Er erhielt insgesamt drei Oscars und gewann weitere 140 Filmpreise, unter anderem zwei Golden Globes und vier Baftas.
Wenn die diesjährigen Preisverleihungen abgeschlossen sind, dürfte Day-Lewis, der selbstverständlich für „Der seidene Faden“ das Schneiderhandwerk erlernte, für sein Porträt des Modemachers Reynolds Woodcock einige weitere Trophäen erhalten haben.
Woodcock ist im London der fünfziger Jahre ein Schneider für die High Society. Er und seine Schwester Cyril (Lesley Manville) leben in einem für die Londoner Couturier-Szene typischen kleinem Modehaus in Mayfair. Es ist gleichzeitig Wohn- und Arbeitshaus und Produktionsstätte. Sie leben dort in einem von der Welt abgeschotteten Welt. Sie führt die Geschäfte, organisiert das tägliche Leben und achtet darauf, dass ihr Bruder die von ihm gewünschten Bedingungen für seine Kreativität hat. Sie achtet darauf, dass alle seine Regeln penibel eingehalten und seine Schrullen klaglos toleriert werden. So verlangt er beim Frühstück absolute Ruhe. Nur so kann er sich auf seinen Tag einstimmen und kreativ sein. Für Fremde ist das tägliche gemeinsame Frühstück eine Tortur, die in einem Mikrokosmos die Welt des „House of Woodcock“ zeigt.

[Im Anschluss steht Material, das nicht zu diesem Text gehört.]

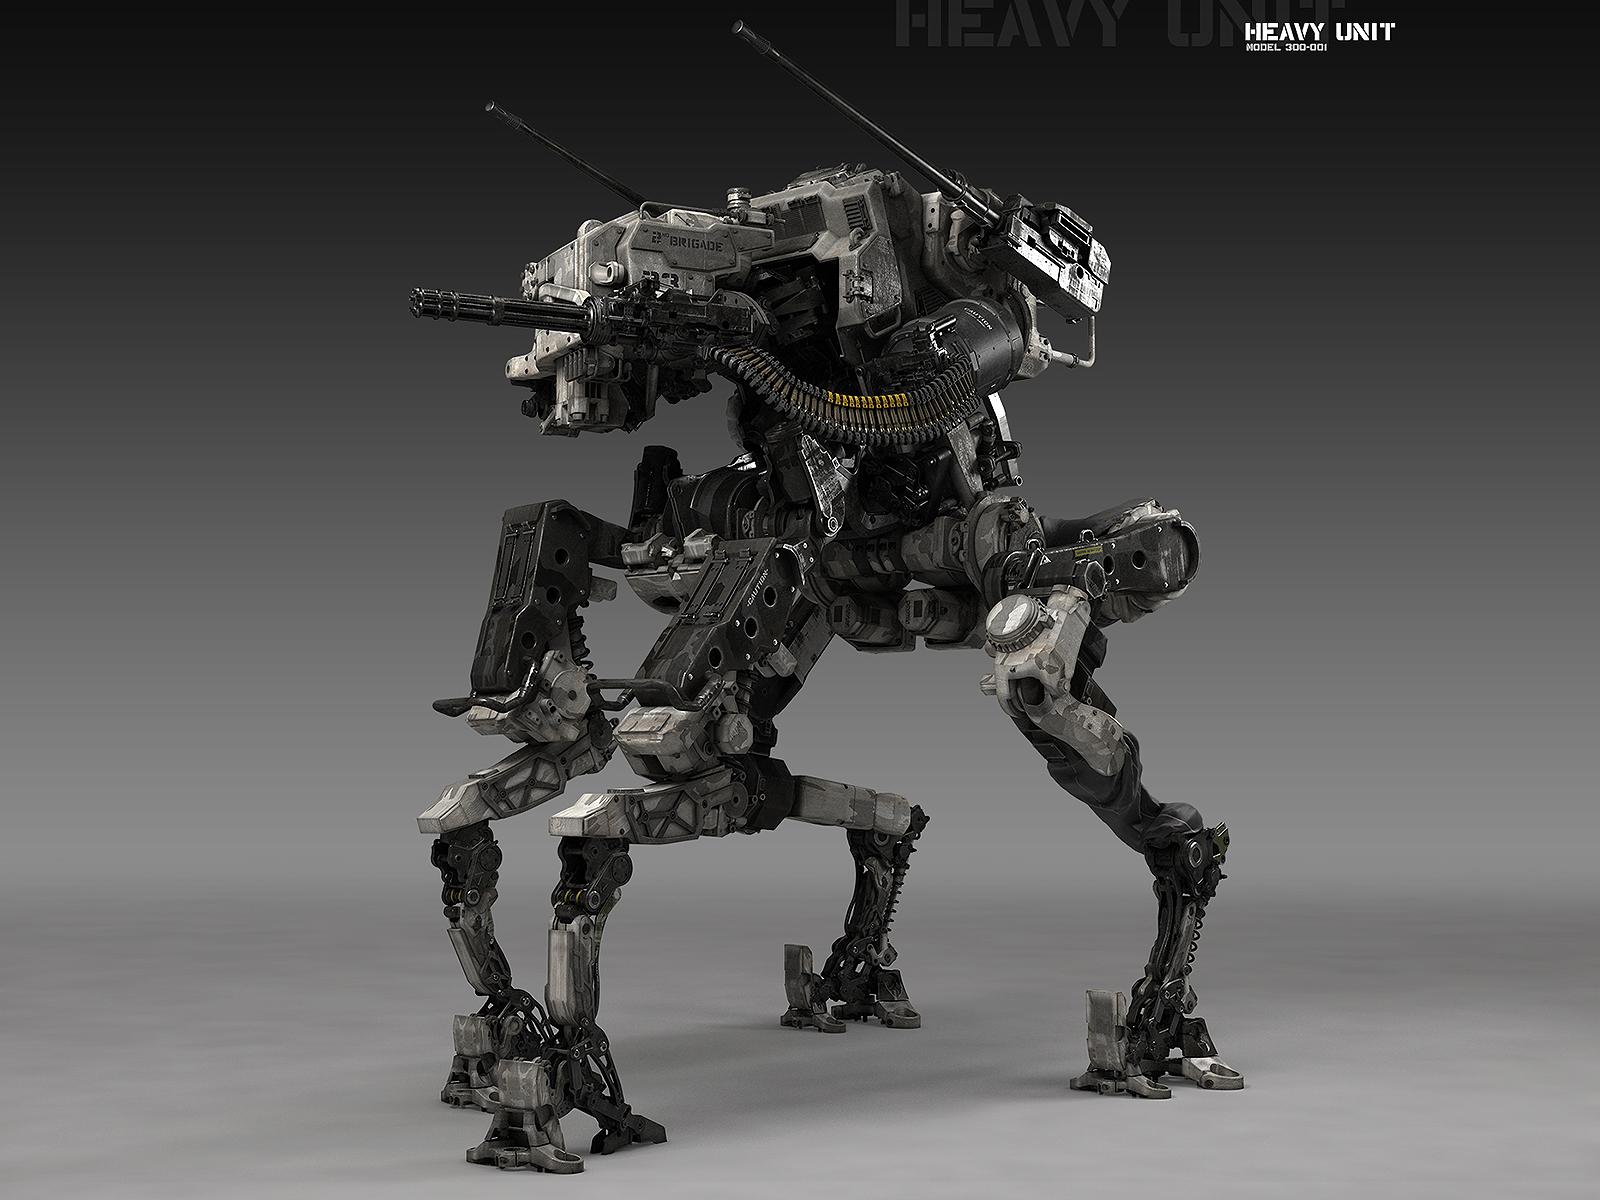 HeavyUnit_Hires_02_NoText.jpg

Als Woodcock einen Wochenendauflug in ihr Landhaus Owlpen Manor unternimmt, trifft er in einem Fischerdorf in einem Restaurant die junge, etwas unbeholfene Kellnerin Alma (Vicky Krieps). Er ist von ihr fasziniert, lädt sie für den Abend ein, verführt sie (was angesichts seiner gesellschaftlichen Stellung leicht ist) und erwählt sie zu seiner neuen Muse.

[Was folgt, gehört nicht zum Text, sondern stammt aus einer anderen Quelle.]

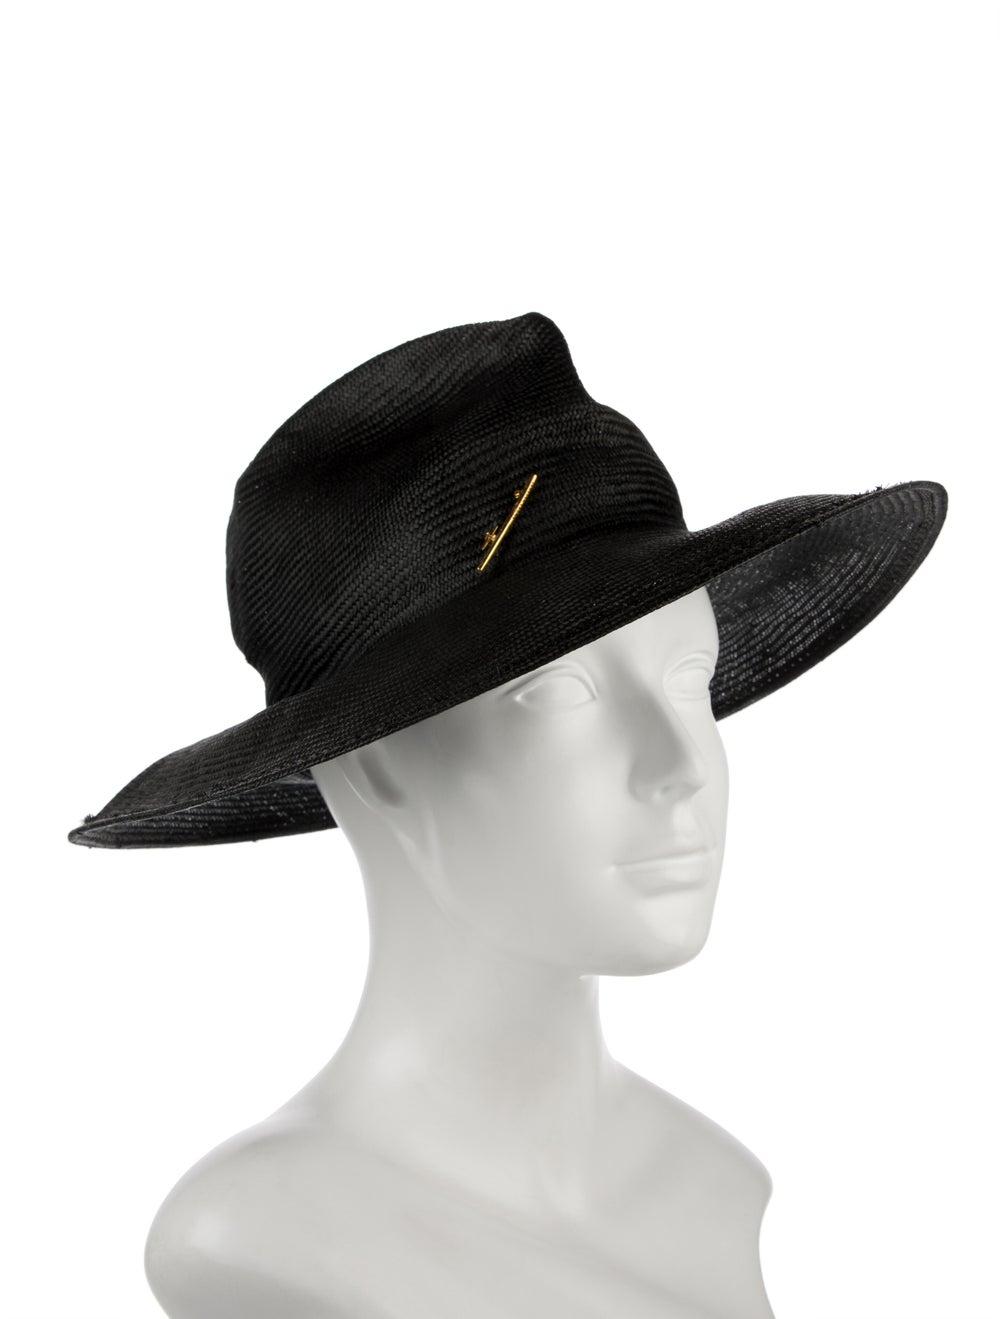 Janessa Leone Straw Wide Brimmed Hat black - image 3

Sie zieht bei ihm ein und muss als erstes die vielen Hausregeln lernen, wozu unter anderem die schon erwähnte absolute Stille beim gemeinsamen Frühstück gehört; – und wahrscheinlich wurde noch nie so ausdauernd und nervig ein Brötchen mit Butter bestrichen, bis auch der letzten Zuschauer im Saal verstanden hat, dass diese Art des Brötchenstreichens der Horror ist. Jedenfalls für einen Feingeist wie Woodcock, der in einer Zeit lebte, als Kreative wegen ihres Künstlertums jede Marotte und Neurose ausleben durften, weil sie nur so kreativ sein konnten.
Alma ist allerdings nicht bereit, sich klaglos den Hausregeln unterzuordnen.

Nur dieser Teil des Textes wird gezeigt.